Cinéma et politique forment un cocktail explosif dans Un simple accident, une Palme d'Or courageuse qui interroge l'humanité en chacun de nous.
Jafar Panahi est le plus grand cinéaste iranien vivant. Après quelques films remarqués comme Le ballon blanc (Caméra d'Or en 1995) et remarquables, tel Le cercle (Lion d'Or en 2000), il a écopé en 2010 d'une peine de prison de six ans et d'une interdiction d'exercer son métier pendant deux décennies. Cela ne l'a pas empêché de réaliser en catimini cinq essais qui mélangeaient fiction et documentaire, dont l'éclairant Taxi Téhéran (Ours d'Or en 2015). Arrêté à nouveau en 2022 et libéré après une grève de la faim, le voilà de retour avec une nouvelle oeuvre phare qui a été tournée clandestinement.
Comme son titre l'indique, le long métrage débute par un simple accident. Une voiture conduite par un père de famille heurte une bête sur la route. Déjà là, le symbole de l'animal est limpide. Ces êtres anonymes ne méritent pas qu'on s'y arrête - comme ce chien qui apparaîtra plus loin dans le récit - et on a tôt fait de troquer l'image animale par celle des humains qui subissent avant de montrer les crocs. Ce qui pousse son conducteur à s'immobiliser est une défectuosité survenue au véhicule. En cherchant de l'aide, il attire l'attention d'un mécanicien. Ce dernier reconnaît la démarche de l'inconnu. Il s'agit de celle de l'homme qui l'a torturé et qui a bouleversé son existence jamais. En quête de vengeance, le mécanicien suit et kidnappe le père de famille. Mais devant le doute, il part à la recherche d'autres victimes afin d'être certain qu'il s'agit bel et bien de son ancien bourreau.

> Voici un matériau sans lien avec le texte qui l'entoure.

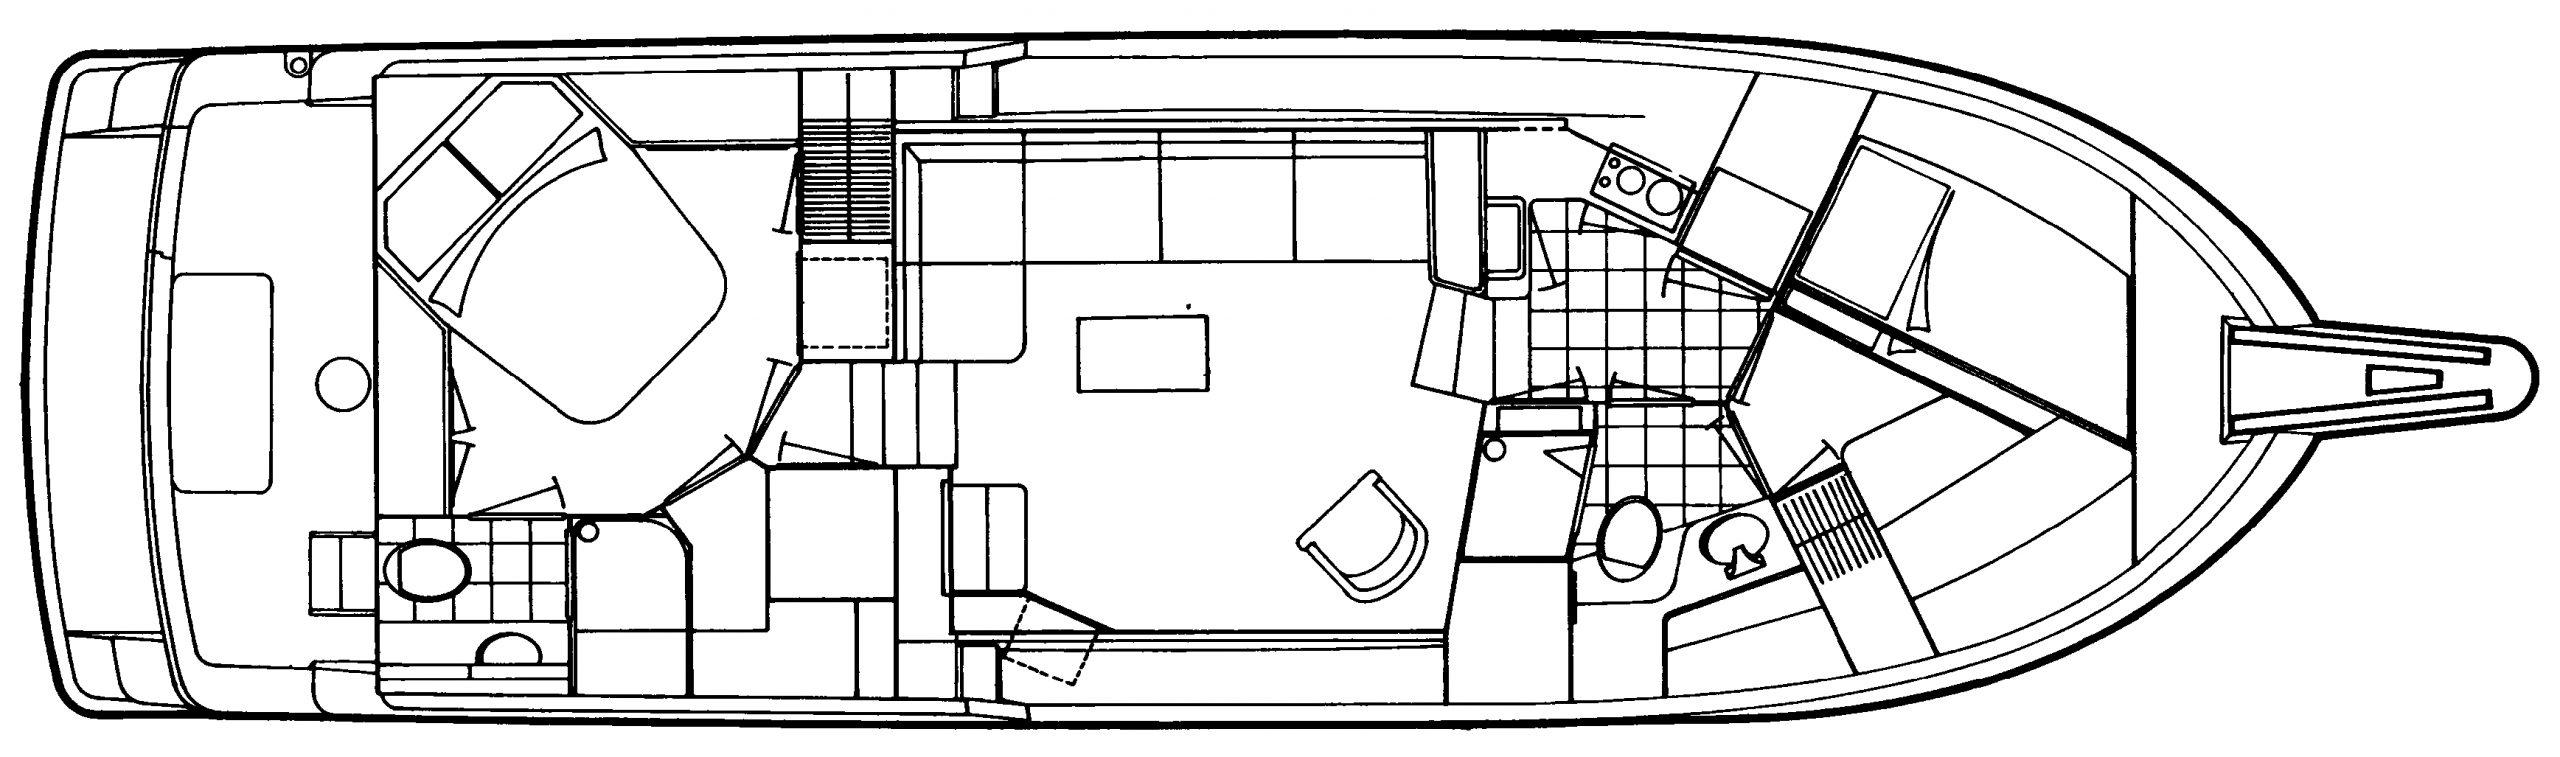 42 Cockpit Motor Yacht Floor Plan 2

Un simple accident apparaît comme une rupture dans le cinéma de Panahi. Au lieu de sa légendaire subtilité, son plus récent effort se veut beaucoup plus critique et virulent dans sa façon d'attaquer le système en place. Il se permet même de jouer dans les plates-bandes du suspense, ce qui le rapproche de l'implacable Les graines du figuier sauvage, où son compatriote Mohammad Rasoulof a dû s'exiler afin de dévoiler son film. La noirceur règne et elle agit à la fois sur le plan politique et personnel. Que faire face au Mal ambiant? La vengeance peut-elle remplacer la justice? Et comment rompre le cycle de violence? La trame narrative n'est pas sans rappeler celle du récent Les fantômes de Jonathan Millet et les personnages doivent naviguer dans les ténèbres, au sein des limbes de leurs souvenirs, à palper l'horreur encore présente. Un exercice quelque peu démonstratif où l'émotion finit par couler à flot, notamment lorsque les interprètes - tous excellents - exposent leurs traumas.

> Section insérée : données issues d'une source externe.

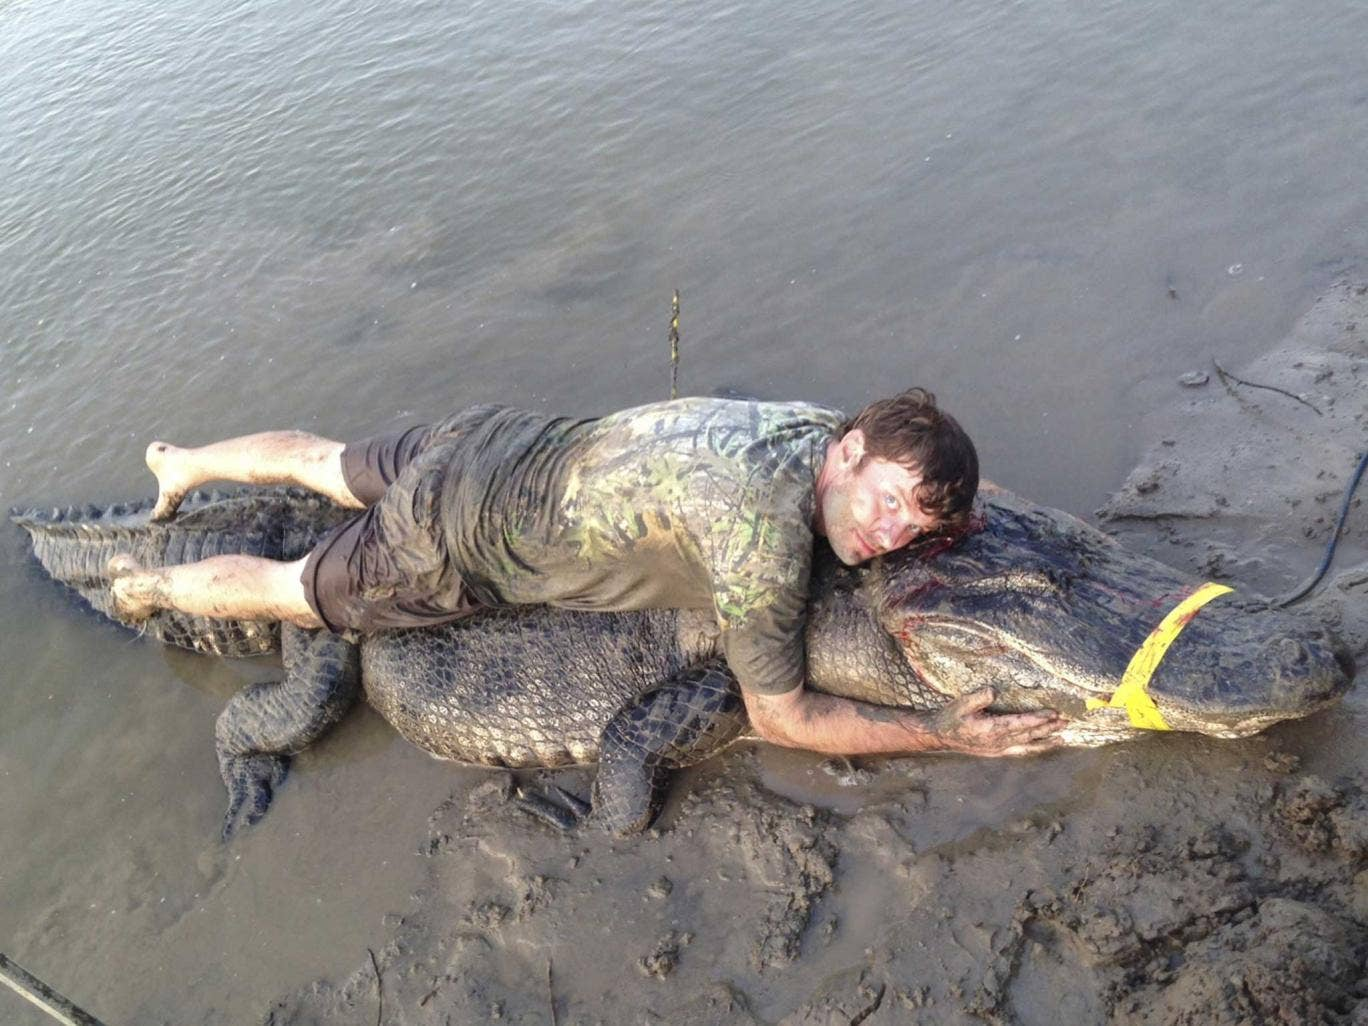 Dustin Bockman lies on top of his record-breaking alligator

Ce voyage au bout de la nuit n'est pas moins marqué par un humour noir qui caractérise la plupart des créations de son auteur, de Hors jeu à Aucun ours. Les séquences absurdes ne sont pas rares, notamment cette façon de rappeler comment la corruption gangrène tout ou cette succession rocambolesque de témoins dans une van - depuis Abbas Kiarostami, le véhicule devient généralement la métaphore du pays dans les longs métrages iraniens - qui tentent d'identifier le potentiel tortionnaire. Ces moments permettent au récit de respirer afin de mieux repartir. Le scénario brillant n'est peut-être pas dénué de didactisme, mais il n'a que faire de la satire si représentative de notre époque, comme en fait foi la sortie la semaine prochaine de l'appuyé Bugonia de Yorgos Lanthimos où il est également question d'un kidnapping.
S'il a été tourné avec peu de moyens, le film affiche une totale maîtrise technique. Les plans séquences sont nombreux et révélateurs de la façon de prendre sa place dans l'espace et le temps. Le désert s'affiche à la fois comme le théâtre des enjeux et le reflet de la solitude des âmes errantes. Tandis que l'importance accordée au hors champ est autant sinon plus primordiale que celle consacrée à ce qui est montré. Si le ton pourrait paraître verbeux, aucun dialogue n'est superflu. Les mots sont en quête d'une vérité qui prend enfin forme lors d'une suffocante scène tardive en plan fixe. Rajoutons à cela une conclusion qui glace le sang et on obtient un opus qui hantera le cinéphile à jamais.
Voilà toute la force d'Un simple accident, un chef-d'oeuvre contemporain qui est à la fois une dénonciation des horreurs en place et une véritable leçon de cinéma. Une tragédie comme il s'en fait peu où les notions de Bien et de Mal prennent une tout autre forme. Il s'agit, à n'en point douter, de l'un des meilleurs films de l'année.